下一章 上一章 目录 设置
23、丧母之痛 ...
-
经过抢救,从鬼门关走一遭的阮宁茵虚弱地躺在病床上。
从路星洲那拿到钱的阮宁苒消失得无影无踪。
颜喻看着病床上的女人,再看看即将天亮,起身站在门外给叶知西打电话。
“有需要吗?”
“不是,阮宁茵暂时没事,我得守着她,回不了家。天快亮了,你回去吧,我有事再联系你。”
“嗯,有任何需要我都会出现。”
“谢谢。”
“颜喻。”叶知西突然叫住。
“嗯?”倚在门边的颜喻抿了下嘴,侧脸看向安静的走廊。
“我不在你身边,要照顾好自己。”沿着马路回家的叶知西交代道。
“我会的。”听到暖心话,颜喻会心一笑。
“我希望我能时刻陪在你身边,但你有你的世界,你不可能所有白昼都在别墅,你不能因为认识我而失去阳光的照射。”男人顿步,感慨地望向夜空中的点点繁星。
他惧怕又向往阳光的照耀,那可望而不可及的奢侈,在颜喻的人类世界中平常得像呼吸一样。
听他像是在自责不能无时无刻保护自己,颜喻安慰道:“没事啦,于忘而和路星洲和好,一时半会儿估计不会针对我了,她忙着重新得到路星洲的心,没心思搭理我。”
“你见到她了?”叶知西顿时进入警戒状态。
颜喻将在医院见到路星洲和于忘而的事告诉男人,听闻后叶知西默默“嗯”了一声,挂断电话后默默地攥紧拳头。
——
深夜的静水山,幽静神秘。
隐隐烛光在洞口闪烁,夜深人静的深山之中,有人居住。
身形高大的叶知西一袭黑衣隐没在夜色之中,原本就是黑暗强者的他对此刻神秘的氛围格外欢喜,这是他的领地,是他的战场。
再次来到洞口,烛光拉长他的身影。
洞内的岩壁上浮动着巨大的暗影,像是黑暗恶魔出世一般,令人心惊胆战。
听到声响的于忘而悠哉地从里面走出来,见到叶知西她并未惊讶,面不改色的走到男人面前,说:“怎么,是舒淳让你来的?”
“还不到半年,你会正式成为吸血鬼,你的创造者有没有告诉过你,行事要小心。”
“你是来警告我不要针对舒淳,是吗?她胆子小到需要你保护,刚离开医院你就找来,看来你对她惟命是从,她还真有两下子!”于忘而讽刺道,“也对,她勾.引男人的狐媚本领,岂是普通人能比的。”
“闭嘴!”叶知西厉声呵斥,“我不是来听你在背后奚落人的。于忘而,这段时间你老老实实和路星洲在一起,只要你有半分想伤害她的想法,我会让你死无全尸。”

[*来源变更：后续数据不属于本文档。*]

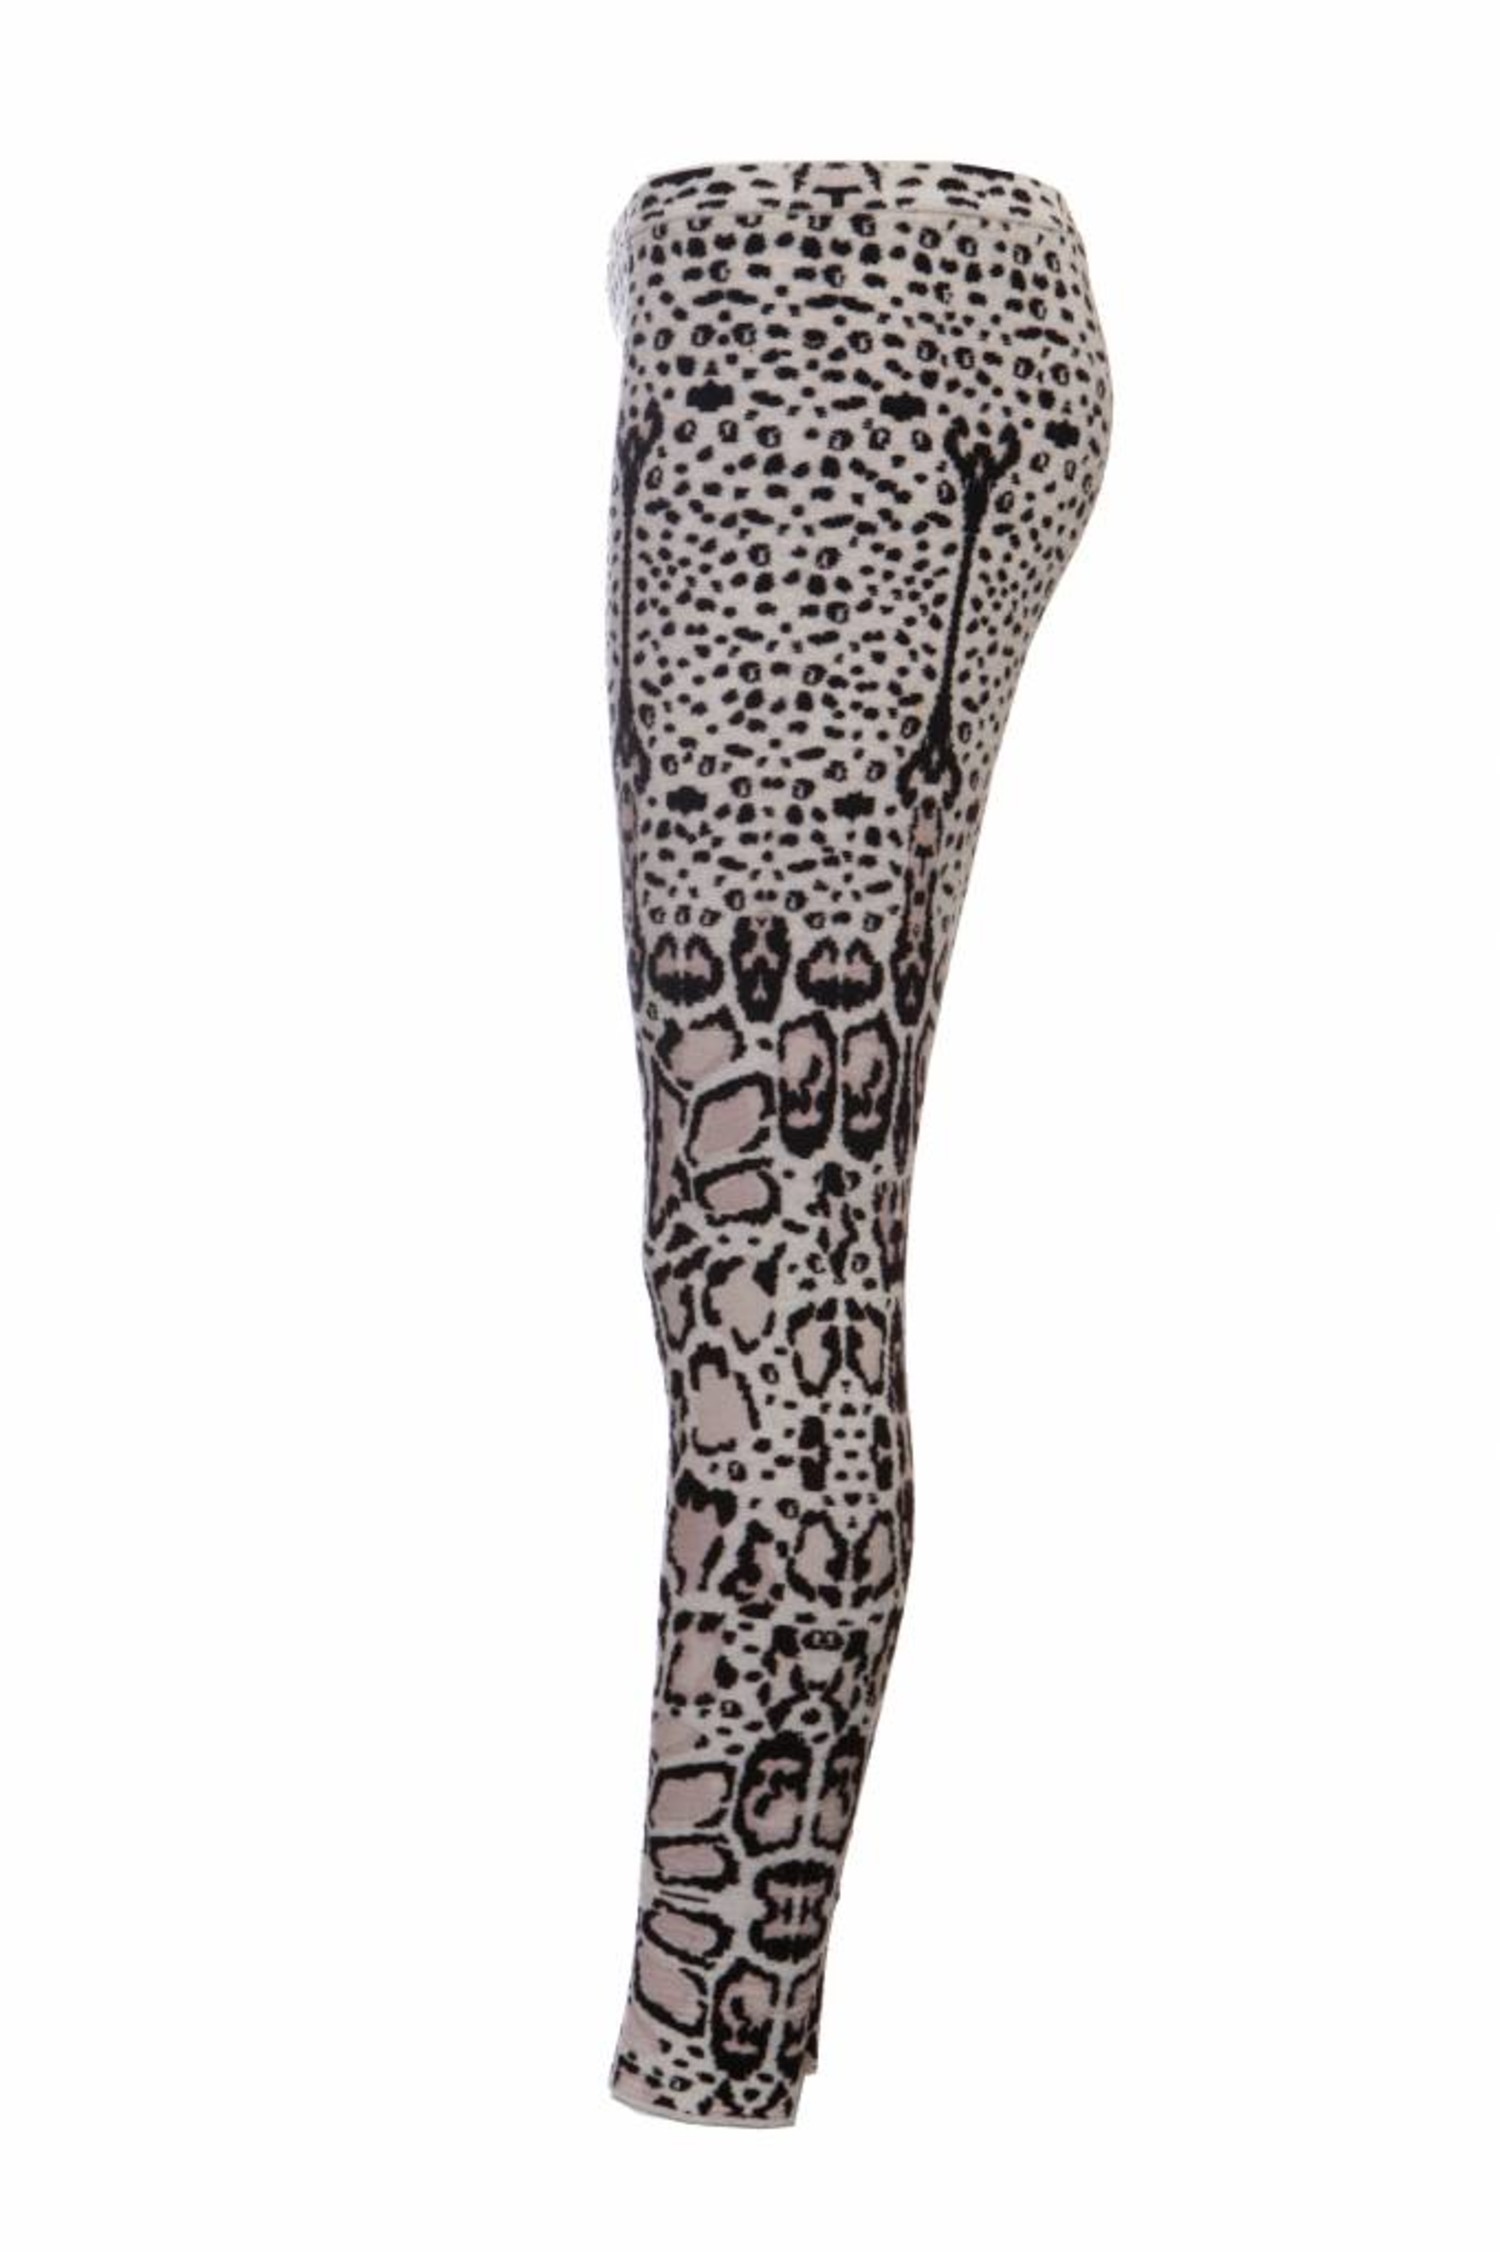 Smeren nicotine Kaliber Alaïa Azzedine Alaia, zwart/wit/neutraal gekleurde luipaard legging in maat  38FR/S. - Unique Designer Pieces

“怎么,你认为我怕死,怕死我就不是于忘而!再说,你伤得了我吗,我可是受保护的。”
“你认为这个世界上只有吸血鬼才能杀吸血鬼吗?你是不是还没听说过吸血鬼猎人,或者是人类能用各种材质杀掉吸血鬼的事?”话音刚落,一阵狂风吹进洞内,烛火顿时熄灭。
黑暗之中,两个身影相对而立。
于忘而确实思量过该不该动有叶知西保护的舒淳,她是不怕死,若是和路星洲和好后却要四处逃亡,她不愿意。
思来想去,恐怕一时半会儿没办法报仇。
虽不甘心,于忘而只得暂时不动舒淳。那份仇怨,她不会忘记。
不管过多久,哪怕时光早已消逝。
于忘而表面上妥协,说:“好吧,你说得有道理。她是你的人,我不想再追究。叶知西,我没有说谎,我可以拿我的生命起誓,那天就是舒淳将我撞下悬崖!”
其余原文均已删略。